Let Go For It℠: Let Go of Everything

Sometimes, you just need to let go of everything. The laundry. The dishes. The dust on the baseboards. The emails and texts and social media posts that need a response. The noise in your brain. Overachieving. Closet cleaning. Validation seeking. Good sense.

I could go on and on and on – and I’m tempted – with the overwhelming list of things that need attention on a daily basis. I mean, I didn’t even get to the maintenance of toilet paper, muscle tone, relationships, dog food, and wayward facial hairs (yes, me Tarzan, you Jane).

Which is why I’m advocating for a break from it all. A day, a week, an hour where you simply let go of everything, so you can find your way back to sanity. To simply thinking and doing nothing else. Or whatever else it is that allows you to turn off the noise and postpone the it-can-wait-and-should tasks of making life happen.

As I see it, there’s no better day to do this than the day after Thanksgiving, when the refrigerator is stuffed with leftovers, so you can easily cross cooking off your manifesto. Run with that and keep going. Let yourself do whatever the hell you want for at least the next 24 hours (unless you’re my husband, in which case you need to finish painting the bathroom… but that’s another post entirely).

That’s precisely what I did. While some wouldn’t be proud to admit what I’m about to, I have no qualms with reporting my activities for that day. I woke up, climbed out of bed (so hard), and engaged in one primary activity: Transferring my prone body from the bed to the sofa, gripping the remote (MINE) as if it were the only thing preventing me from falling off a tall bridge into a deep valley of settled concrete.

Once on the sofa, the only effort I exerted was pressing buttons—or rather, just one: The “last” button, so I could toggle between two stations while exerting the least amount of effort: Lifetime Television and Oprah’s OWN. (At one point, my poor husband wanted to check the score of some sporting event, and when he tried to take the remote, I screamed as if I were being dragged into a dark van.) Yup. It was a Dr. Phil marathon during the day, and a long string of Lifetime movies at night. And even though too many of them were about Christmas and not enough about people cheating, lying, stealing children, murdering, enjoying jail, escaping death, or bilking their loved ones out of millions of dollars (so much for the joy of the season), I endured.

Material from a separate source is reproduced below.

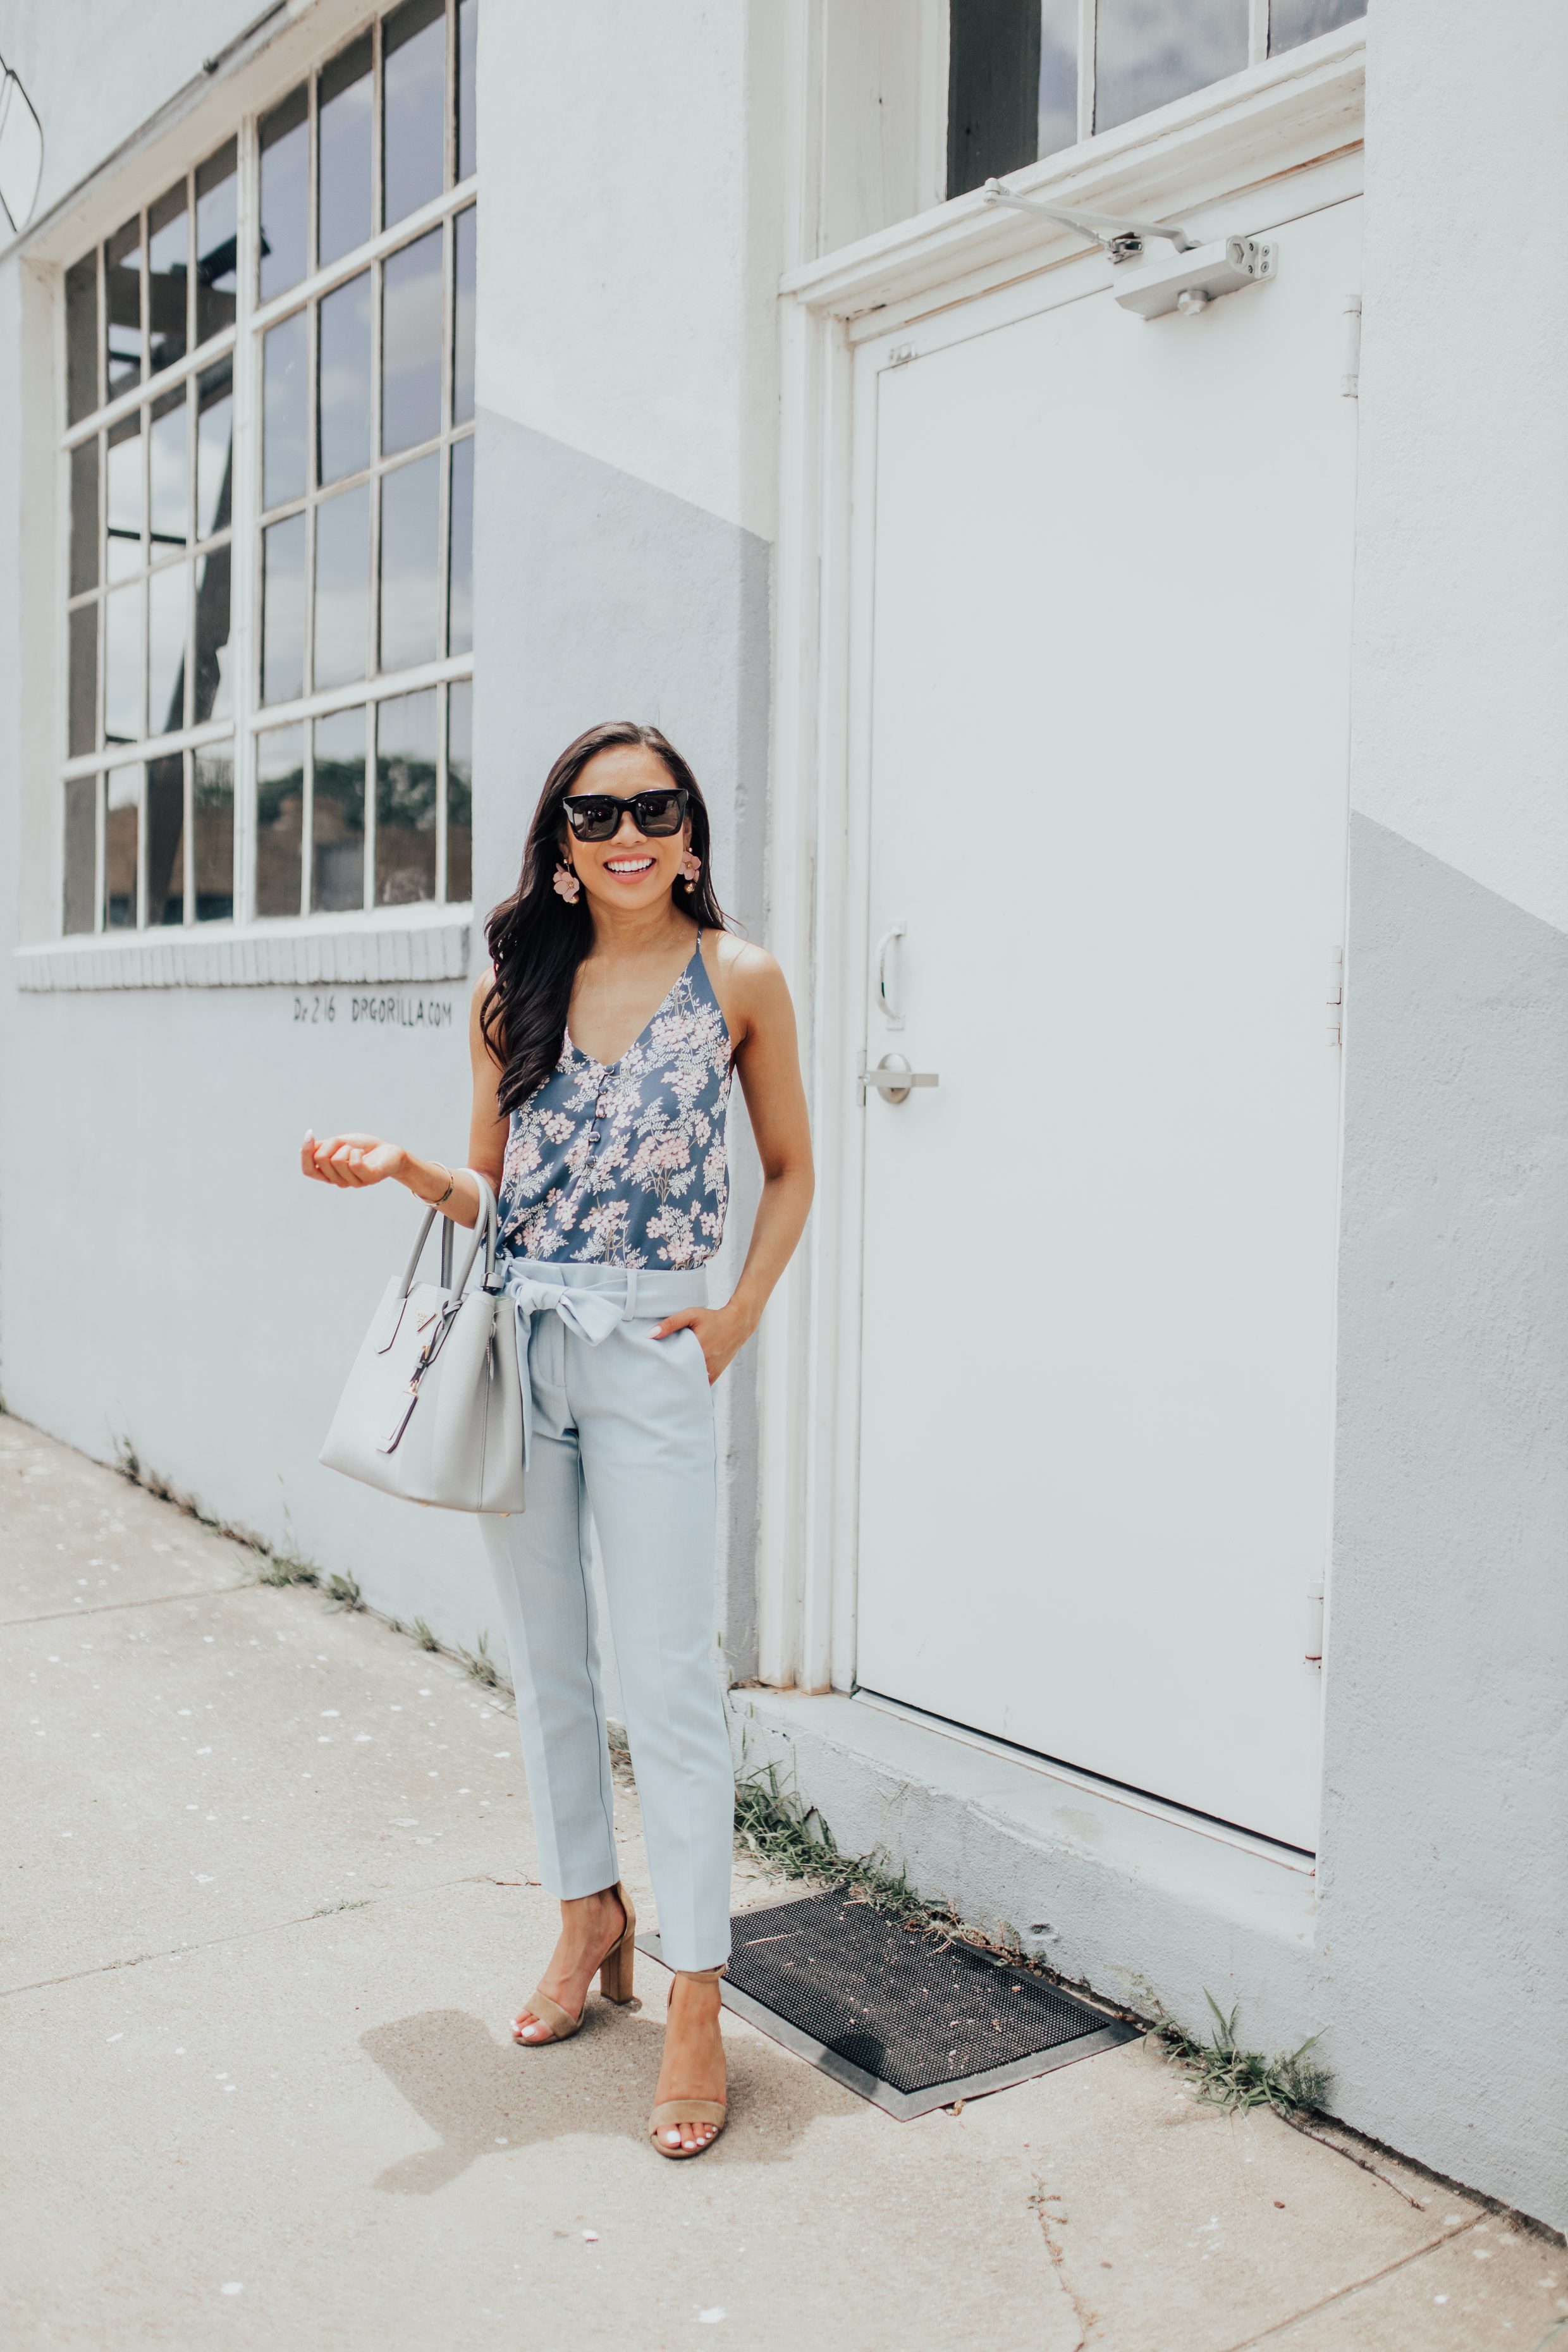 Hoang-Kim wears a floral cami and blue tie waist pants for a business casual workwear look

Simply because I needed a break. And, if I’m to be totally honest: A little pop rock candy. Since getting a People Magazine, a National Enquirer, and even a bag of Chips Ahoys would have required me to actually bathe, shave, put on underwear, and leave the house, Dr. Phil, A Very Merry Toy Story, and some rice cakes from 2014 had to suffice.

Can I just say, even though I’m Jewish, it was glorious? Better than my own wedding—okay, maybe a close second—because let’s face it: Life is fast and hard. And it’s not every day you get the opportunity to drift in and out of sleep, gloriously bloated, drooling out the sides of your lipliner (okay, I did put on a little lipstick so as not to startle my husband into thinking there was a dead woman on his couch).

I mean, if we don’t sometimes stop and do this sort of thing for ourselves, who will? Our bosses? Our social media friends and fans? Our families? The people who insist on emailing and texting us ad nauseum, or even worse, CALLING us (gasp). No, no, we have to create everything-gone moments for ourselves. To let go for it—and, I mean for all of it. What’s the worst that could happen? Nothing. In fact, after 24 hours of watching mindless blither on Friday, I was so creative on Saturday, my fingers on the keyboard could hardly keep up with my brain.

So how about you? When was the last time you let go of everything? If it’s been a while, let go and get on it. That sofa isn’t going to lounge on itself!